Hi folks, I’ve historically been an R user, but dipping my toes into the python-for-data-science world for my work, and I’m wondering if Dask has built-in features to accomplish a particular workflow that’s critical for me. Specifically, I have data that accumulates “chunks” over time, and I have an R script that I run occasionally that enumerates the chunks, skips over those it’s already seen and running some processing on only the new ones, saving the results in a manner that makes it easy to collect all results for subsequent interactive processing.

One additional thing my R-based system achieves is that the processing of a given chunk actually involves multiple steps, and I have a mechanism for keeping a history of inputs/functions/outputs at each step so that should the overall processing of a chunk fail at any point, I can see precisely where and work out solutions to those corner cases (note: there’s an R package, targets, that achieves a lot of this as an off-the-shelf package, but I ended up finding it’s strict reproducibility philosophy an impediment to efficiency for quick corner-case handling).
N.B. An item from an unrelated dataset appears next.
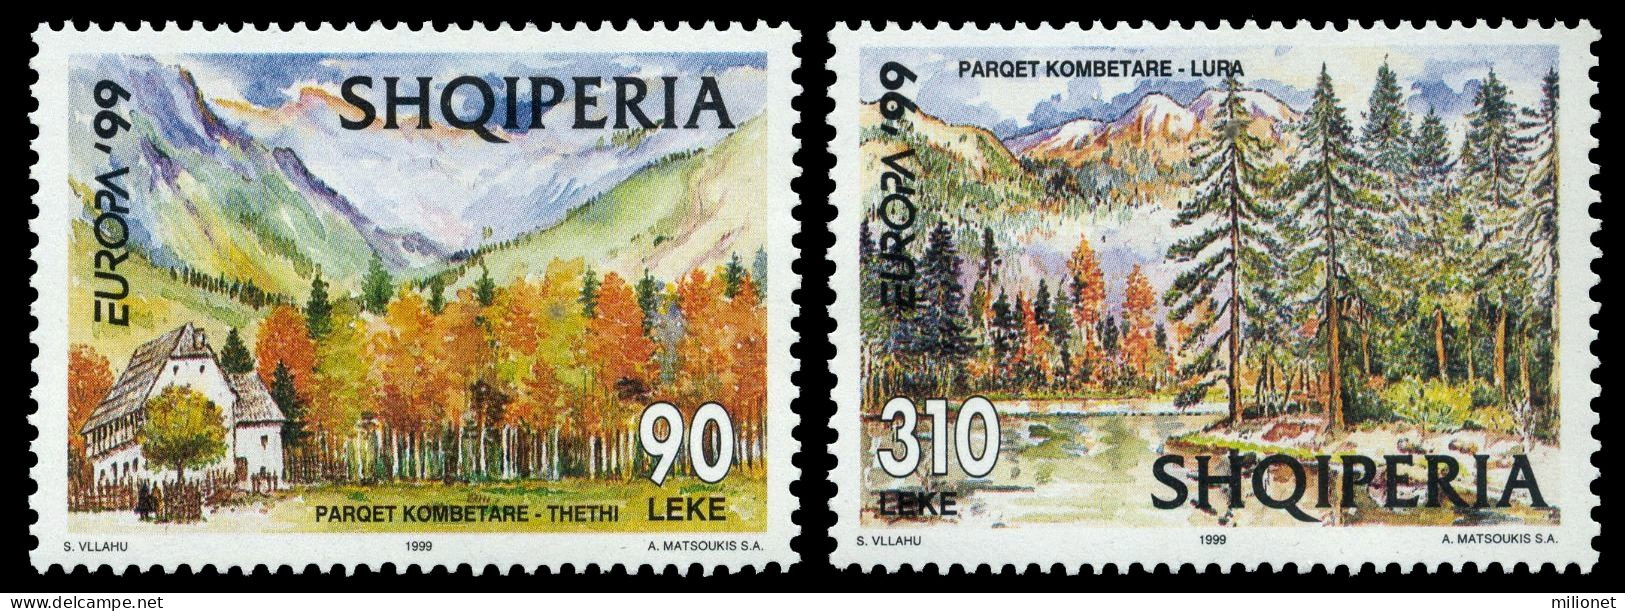 SALE!!! Albania Albanie Albanien 1999 EUROPA CEPT National Reserves & Parks 2 Stamps Set MNH ** - 1999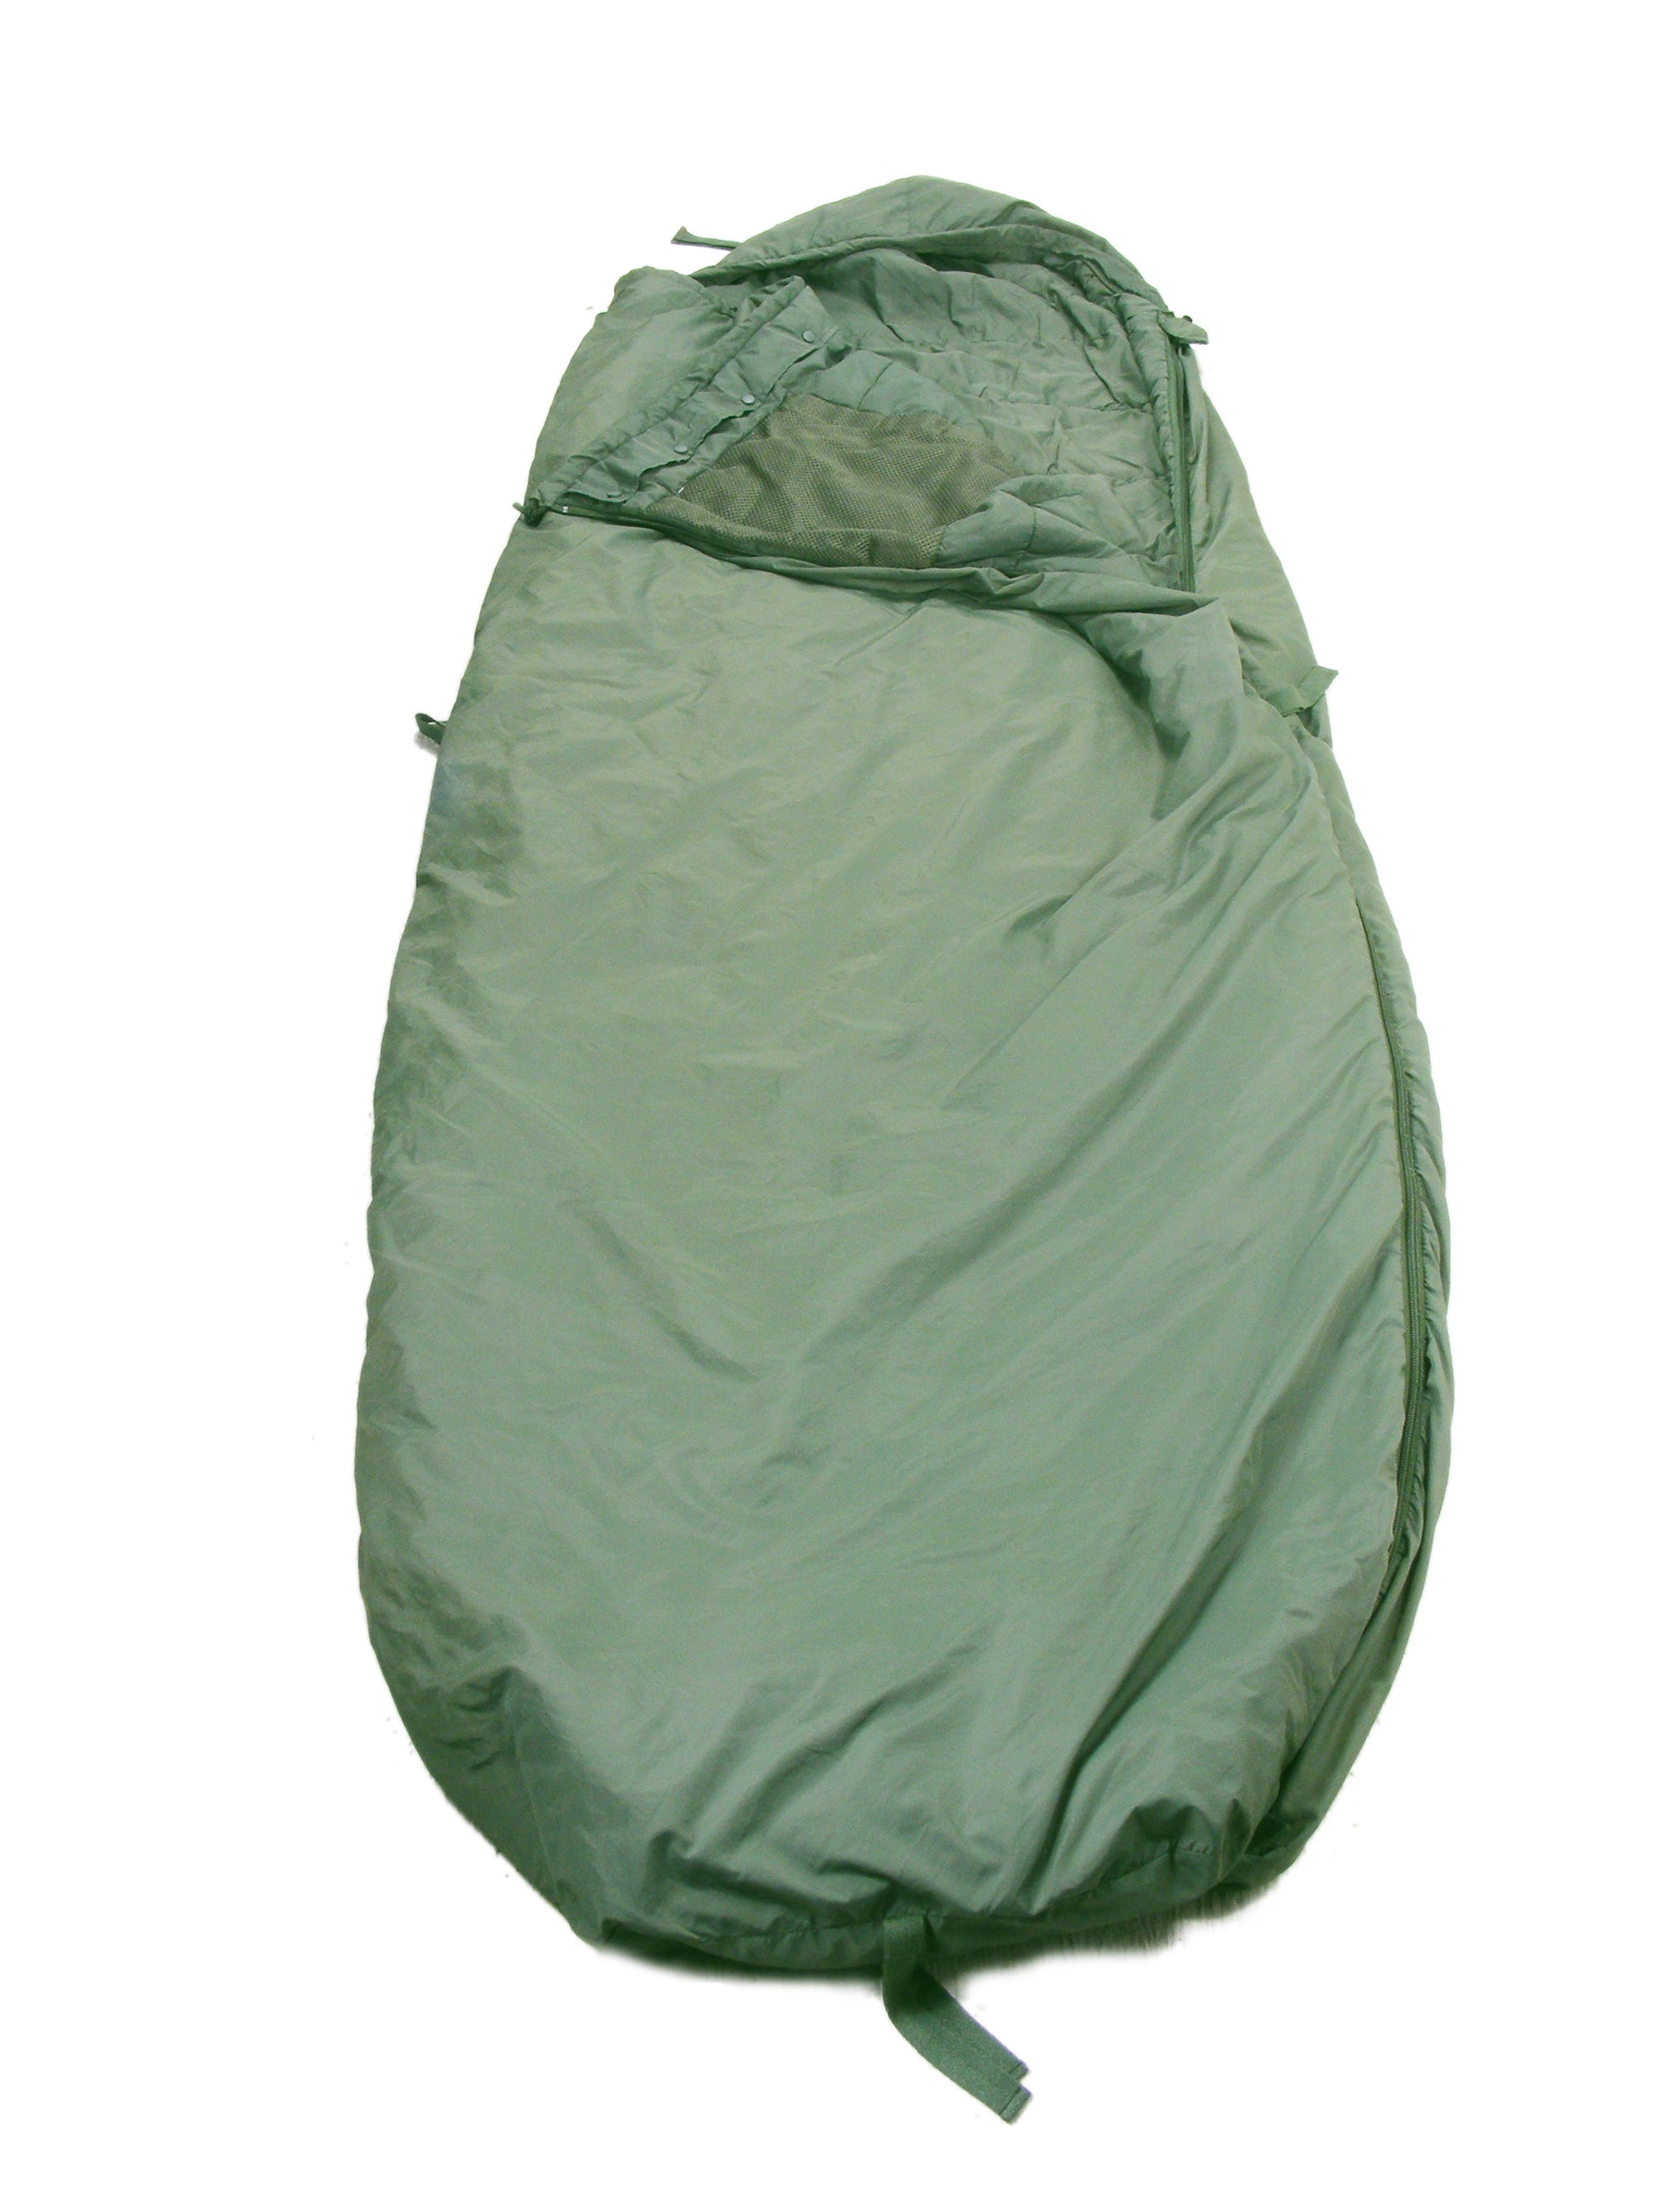 British Army - military Lightweight Sleeping Bag - Modular - Unissued

It’d be fairly straightforward for me to simply translate my R code to python directly, but it seems like a common data science workflow so I thought I should check if Dask has tools for it already.

Hi @mike-lawrence and welcome to discourse!

I am also an R user, so I might be able to help. Would you mind sharing some of the R code you’re currently using? Seeing your flow for “skips over those it’s already seen” would be particularly helpful.

I took a quick look at the targets R package, it seems it broadly helps with data pipeline orchestration? If you haven’t already, you. might take a look at Prefect, which also works well with Dask.

1 Like